• EXERCISE REQUIREMENTS:
Only the lines from the one with "Water Bottle &" through the final line below belong in the answer, copied exactly and without pictures.

• STORED DATA:
• • • •

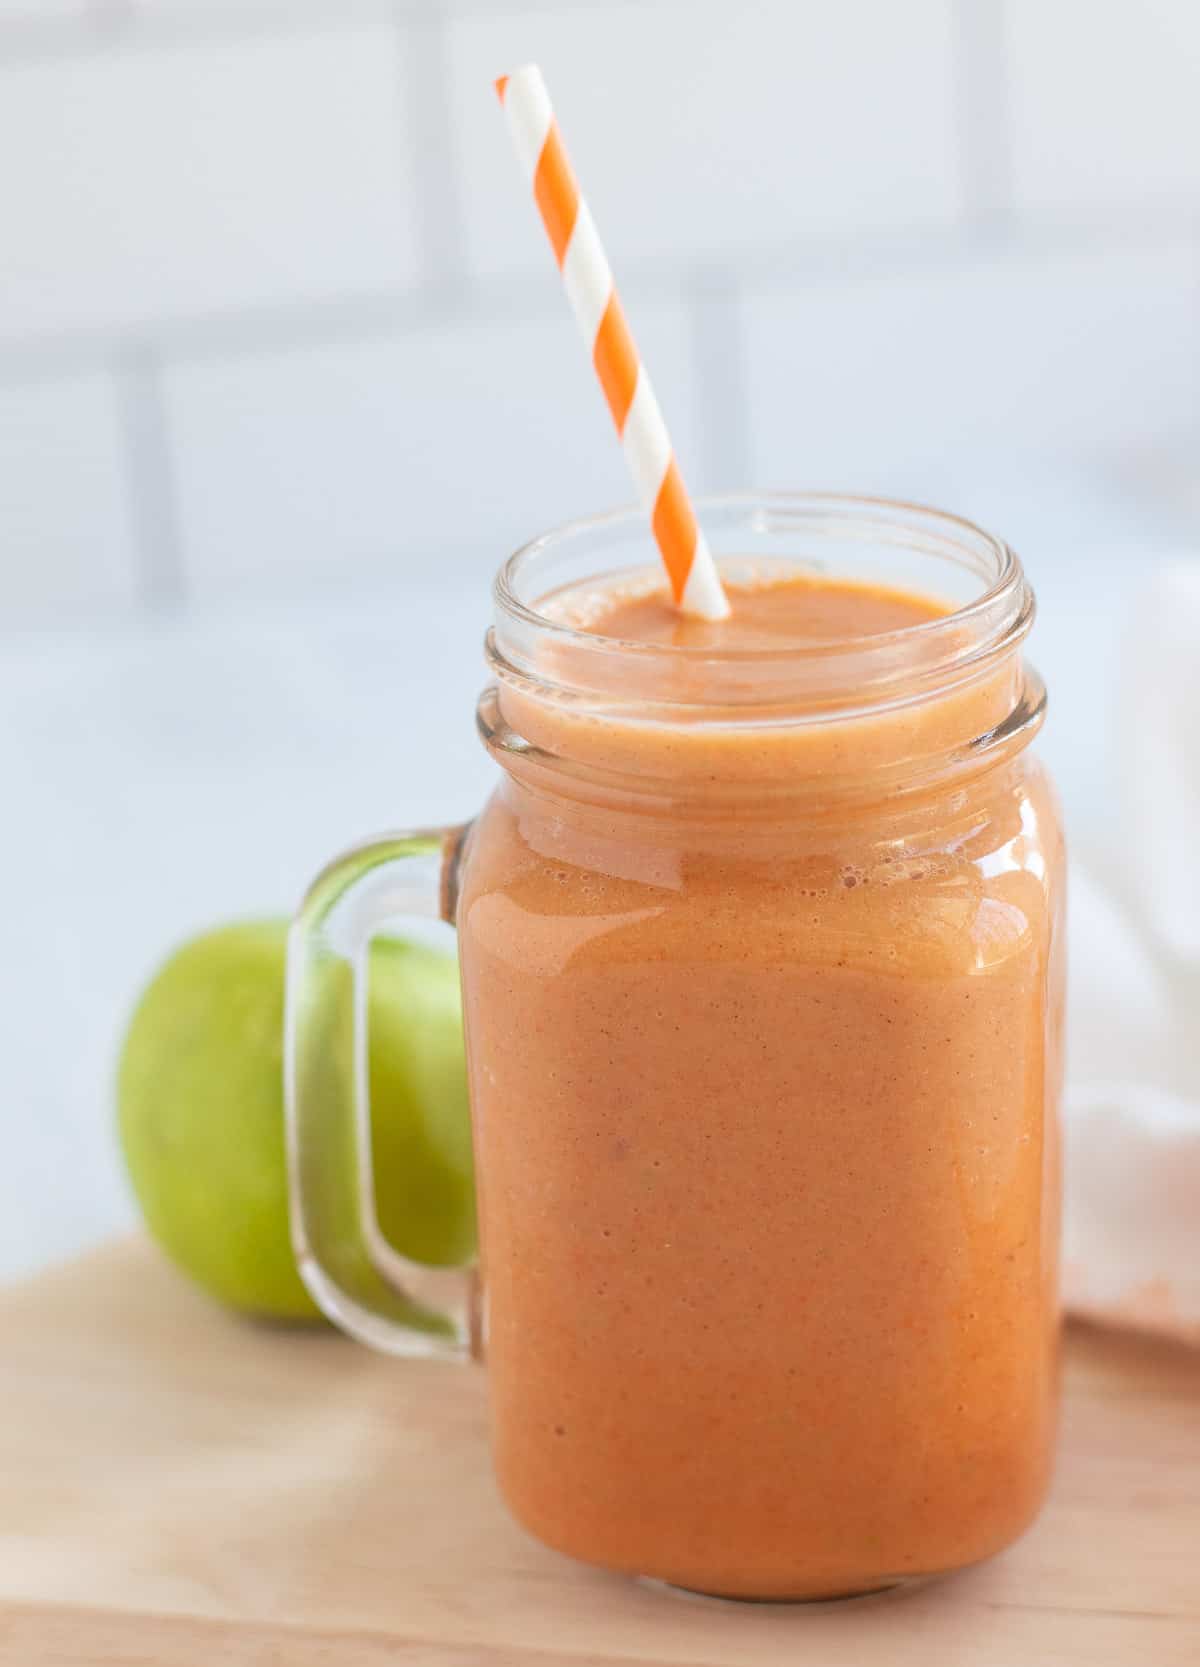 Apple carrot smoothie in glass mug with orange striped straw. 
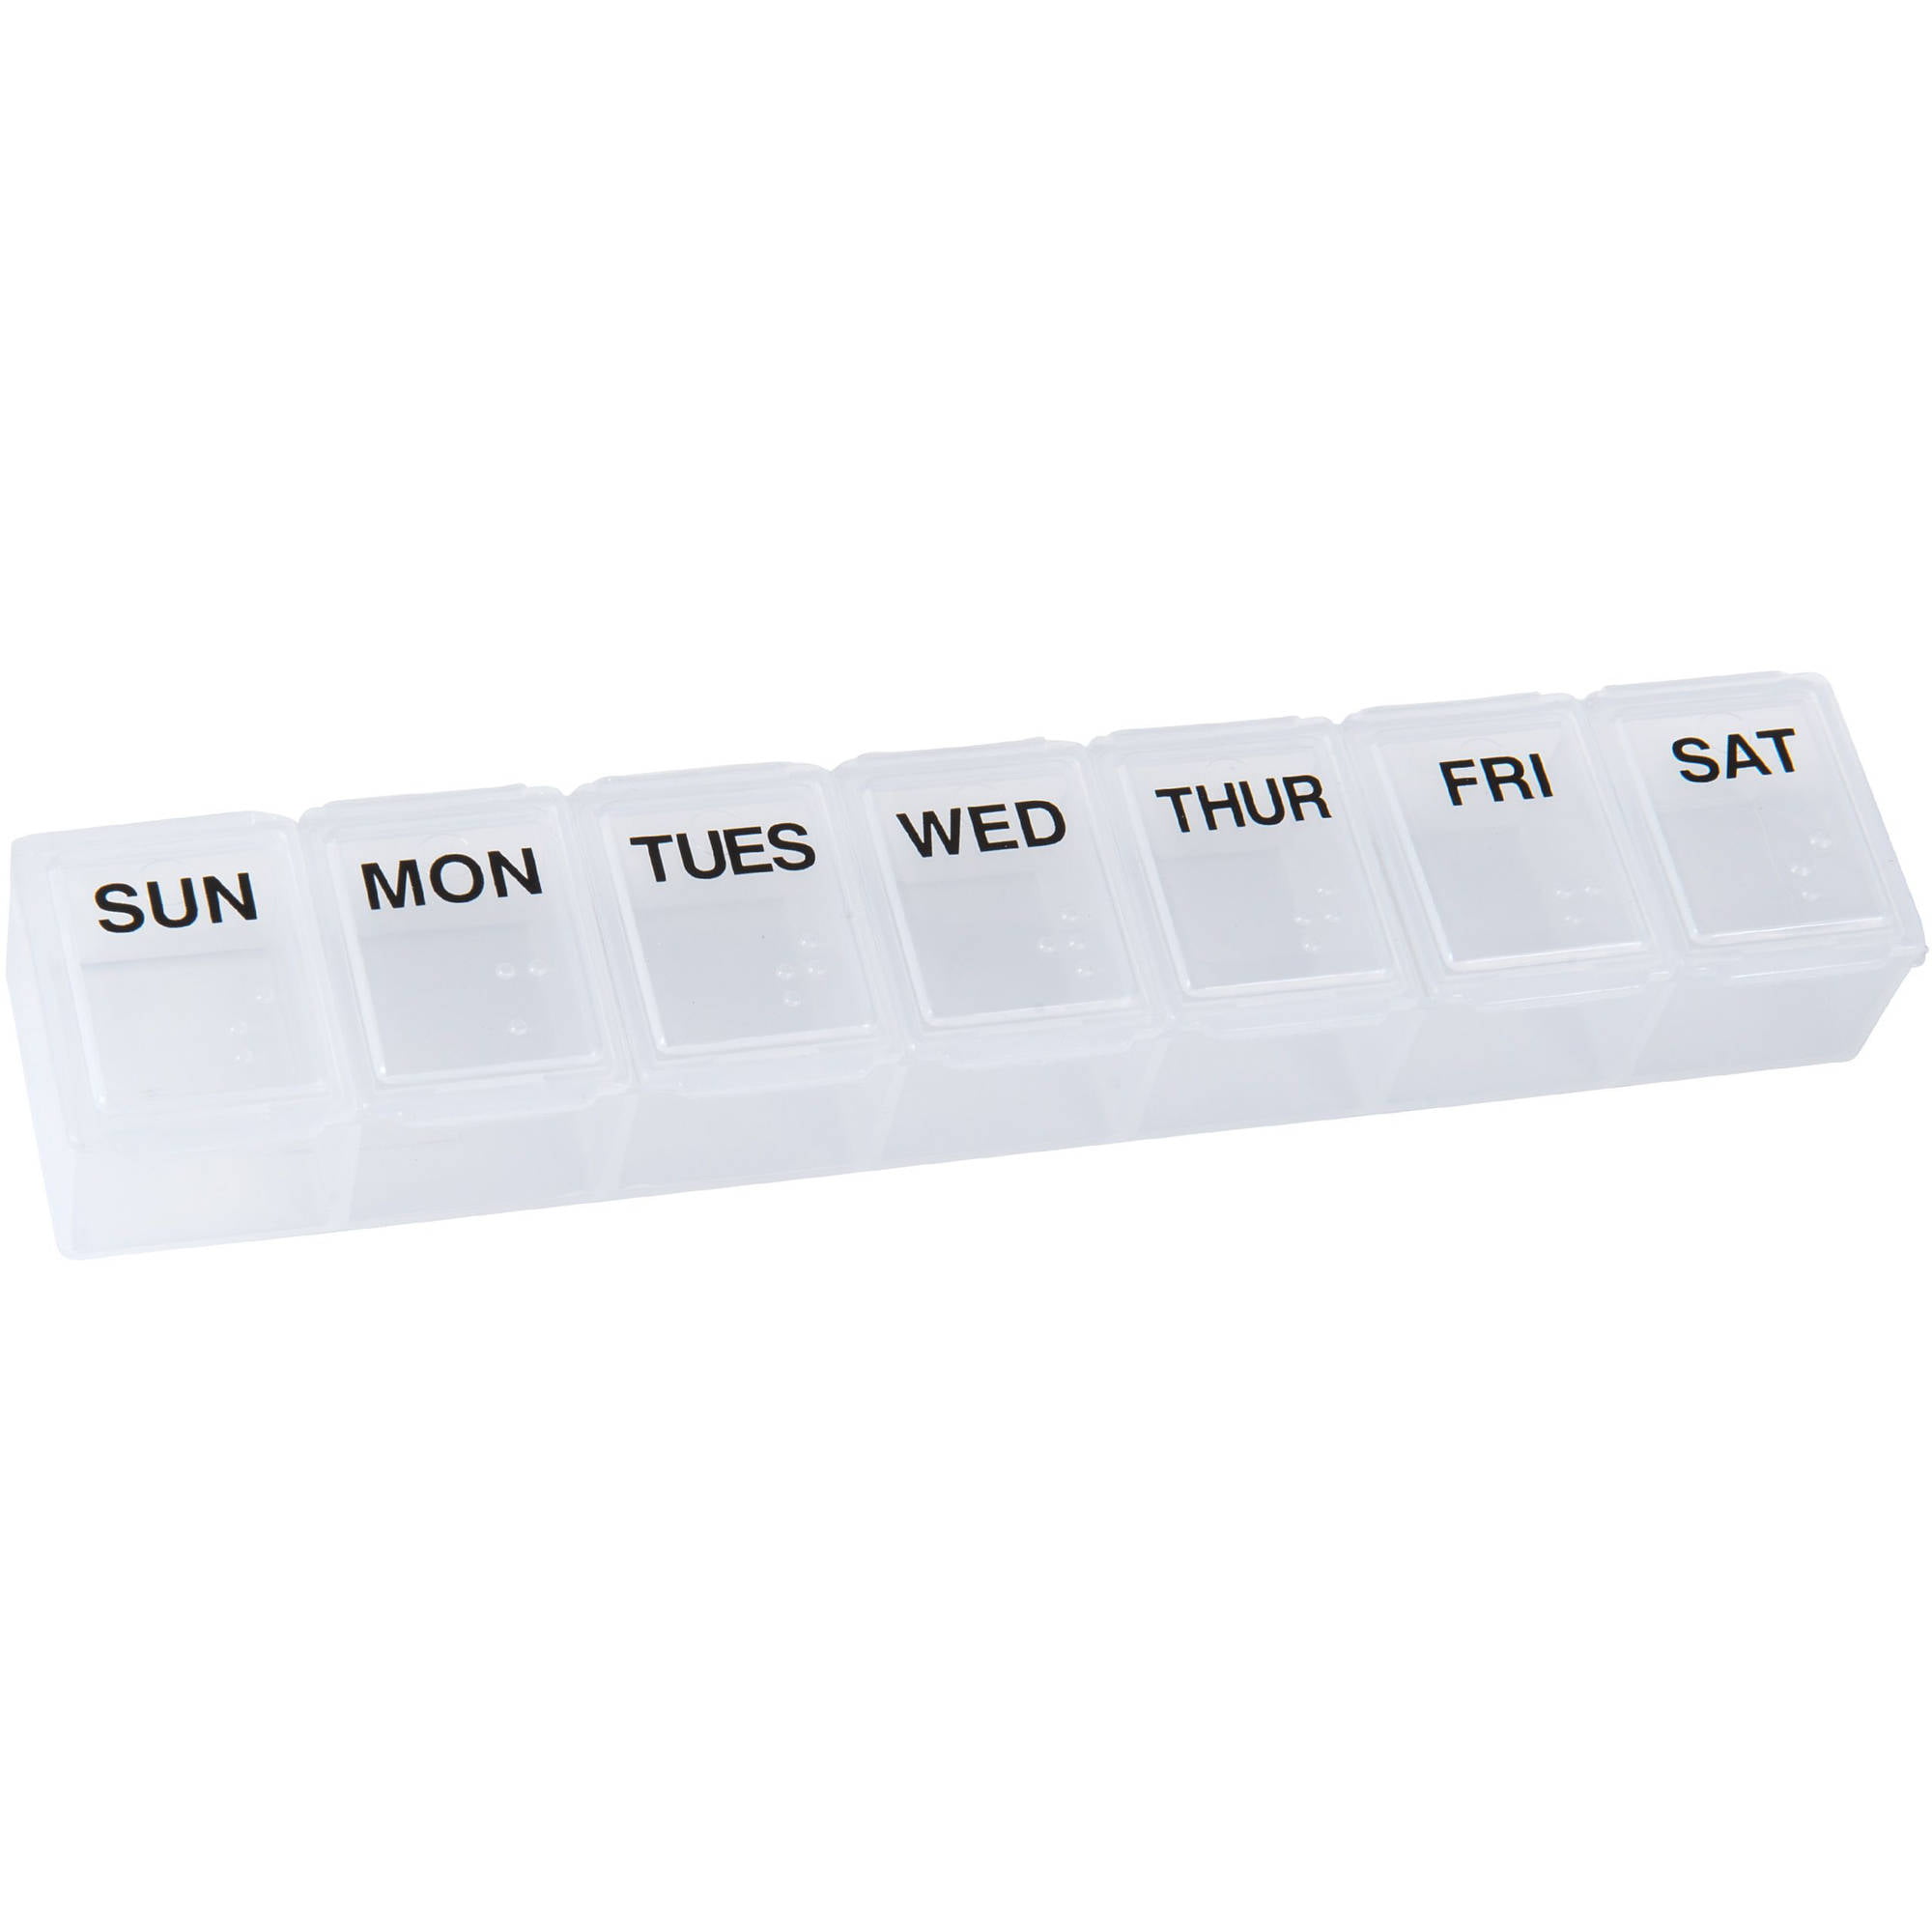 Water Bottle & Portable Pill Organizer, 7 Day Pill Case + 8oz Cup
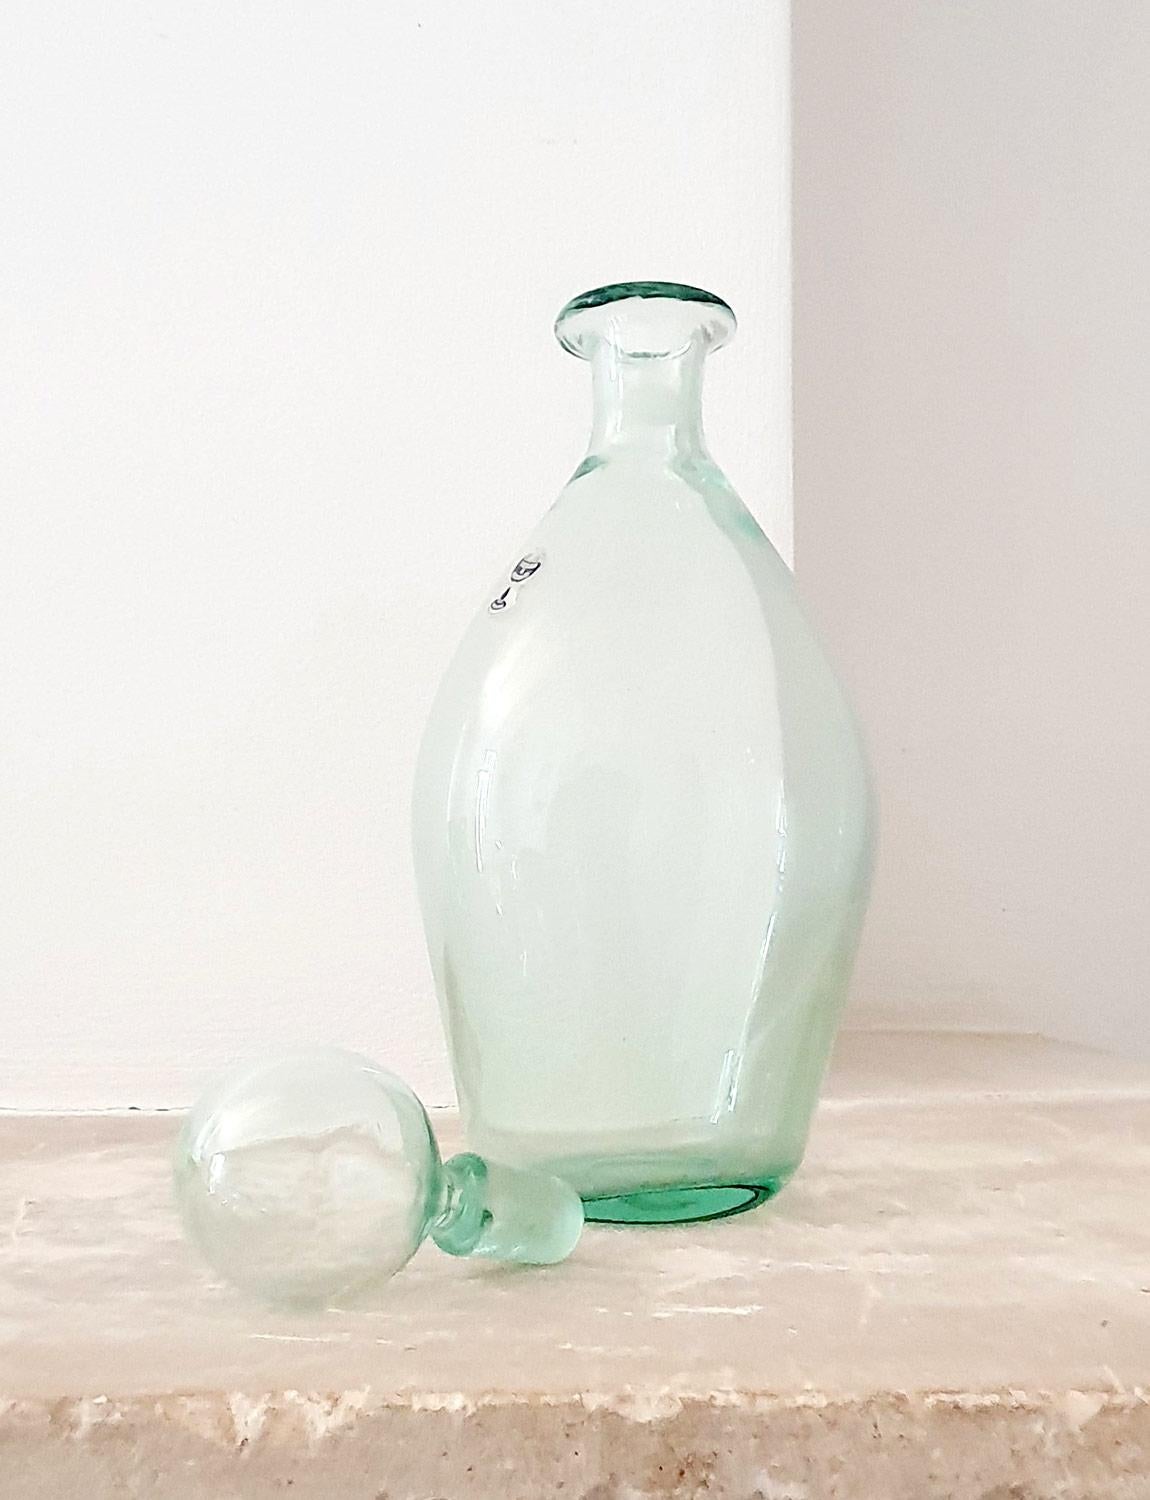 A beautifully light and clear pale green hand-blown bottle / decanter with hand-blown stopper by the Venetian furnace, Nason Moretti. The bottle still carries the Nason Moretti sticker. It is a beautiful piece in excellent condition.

• • • •

• RESPONSE FOR THIS EXERCISE:
 Water Bottle & Portable Pill Organizer, 7 Day Pill Case + 8oz Cup
 A beautifully light and clear pale green hand-blown bottle / decanter with hand-blown stopper by the Venetian furnace, Nason Moretti. The bottle still carries the Nason Moretti sticker. It is a beautiful piece in excellent condition.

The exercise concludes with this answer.